### WORK INSTRUCTIONS
Nothing outside the range is wanted. Repeat exactly the lines below from the one with "Us Weekly 3019 Prince George Birthday" through the one with "تقرير: بداية ضعيفة لألعاب Xbox على PS5".

==== DATASET ENTRIES

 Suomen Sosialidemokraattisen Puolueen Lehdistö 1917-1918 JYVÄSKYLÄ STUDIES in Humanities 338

========
==== DATASET ENTRIES

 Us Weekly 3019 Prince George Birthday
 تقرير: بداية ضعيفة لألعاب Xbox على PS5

========

### RESPONSE TO THE TASK
 Us Weekly 3019 Prince George Birthday
 تقرير: بداية ضعيفة لألعاب Xbox على PS5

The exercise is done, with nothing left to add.